- Parkland Parkland
- Coordinates: 35°50′24″N 96°50′32″W﻿ / ﻿35.8400636°N 96.8422474°W
- Country: United States
- State: Oklahoma
- County: Lincoln
- Elevation: 965 ft (294 m)
- Time zone: UTC-6 (Central (CST))
- • Summer (DST): UTC-5 (CDT)
- Postal code: 74824
- Area codes: 539/918
- FIPS code: 40-00700
- GNIS feature ID: 1096445

= Parkland, Oklahoma =

Parkland is a small unincorporated community in northern Lincoln County, Oklahoma, United States. It is 4 mi south of Agra, and 10 miles (16.9 km) north of Chandler . Its name was adopted "to describe the character of the townsite".

==History==
The land where Parkland is located was opened to white settlement by the Land Run of 1891 on September 28 of that year. The Parkland Post Office was established some three years later, on December 19, 1894, with McShelly Fishback as the first postmaster. The Parkland Post Office was closed on June 15, 1918.
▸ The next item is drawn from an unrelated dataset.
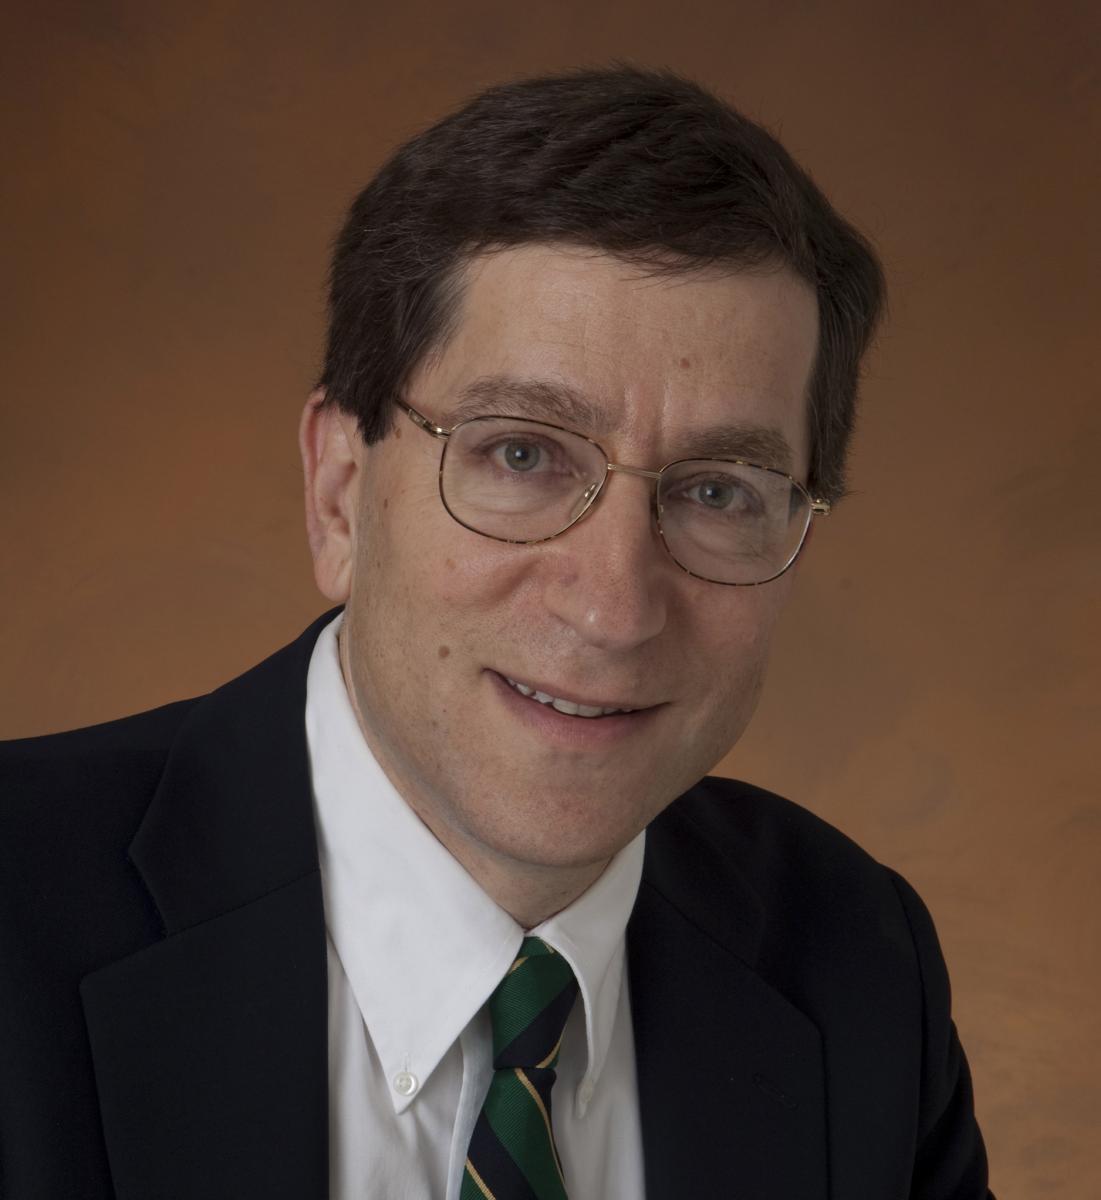 Stephen M. Lichten, Ph.D. Inventor of GPS Navigation Technology

A tornado on May 30, 1897, demolished several houses of the town, killing two and wounding several.

Free lots in the town of Kendrick were offered to business owners in Parkland if they would move when Kendrick was platted in 1902.

The towns of Chandler and Stroud were nearby railroad points. The Parkland Telephone company was organized and built telephone lines from Chandler to Stroud, linking them with Parkland and Cushing. Later these lines were purchased by the Arkansas Valley Telephone Company.